February 2017: Wireless in the Sky: Networking Strategies for Autonomous Drones/UAVs

Bottom Line: Drones are gaining tremendous market attention, fueled by grandiose plans for autonomous systems, which are in stark contrast to the solutions deployed today. Drones need command and control and LTE is being touted as fit for this purpose. While LTE has many favorable characteristics for drone command and control, its limitations must be recognized and solutions targeted accordingly.

Executive Summary

Unmanned airborne vehicles (UAV), aka drones, have seen robust market adoption fueled primarily by consumer/hobbyist and commercial demand for photography, videography and media and entertainment. In Exhibit 1, drone shipments in the United States are forecast to increase from 2.5 million in 2016, to 7.0 million in 2020. This forecast, which was developed by the Federal Aviation Authority, (FAA) and its partners, predicts that the consumer/hobbyist market will remain larger than the commercial market for drones, and that annual sales to the commercial market will remain relatively static between 2017 and 2020.
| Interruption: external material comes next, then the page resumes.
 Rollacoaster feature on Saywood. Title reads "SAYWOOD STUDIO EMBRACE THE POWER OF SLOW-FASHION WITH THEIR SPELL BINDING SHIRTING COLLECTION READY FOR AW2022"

Companies like Amazon have pulled drones into the limelight with innovative concepts for autonomous drone deliveries. However, most of the proposed innovations are not possible today because of the available technology and regulations, which are necessarily conservative. Industry players like Amazon, AT&T, BSNL, CNN, NASA, Nokia, PrecisionHawk and Qualcomm have been conducting technology trials, with the aim of addressing regulatory constraints and advancing drone technology capabilities. These efforts are loosely related to the UAS Traffic Management (UTM) initiative that is being spearheaded by NASA. Many of the players involved in UTM recognize that effective drone identification and command and control capabilities are needed to safely address regulatory constraints. Many proposals and technology trials have targeted LTE for drone command and control so that drones can operate safely beyond visual line of sight (BVLOS), and over crowds at events and in urban environments. Other technologies such as ADS-B has also been used as a complement to LTE. ADS-B is widely used as an alternative to radar for air traffic control, and has been implemented in drones by DJI and PrecisionHawk using uAvionix technology. While ADS-B enables basic drone proximity information it lacks the versatility offered by LTE, which is needed for many proposed drone use-cases.
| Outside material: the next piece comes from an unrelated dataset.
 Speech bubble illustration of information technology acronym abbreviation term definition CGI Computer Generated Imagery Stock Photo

LTE technology trials for drones have been conducted by a variety of companies including Qualcomm. These trials have demonstrated that while LTE networks are capable of supporting drones up to altitudes of 400 feet, dedicated optimization efforts are needed to address changes in handover boundaries and the potential for increased interference relative to terrestrial operations. While these trials demonstrate the suitability for LTE to support drone command and control requirements, we believe that practical use-cases will initially be targeted towards isolated implementations to ensure that network performance is not unduly taxed, particularly in capacity constrained environments. These isolated implementations will evolve towards larger scale deployments over the next five years as technologies mature and regulations evolve. In addition, we expect that drone solutions will capitalize on advancements in autonomous vehicle technologies, and the ultra-low latency and ultra-broadband capabilities of 5G once it is available.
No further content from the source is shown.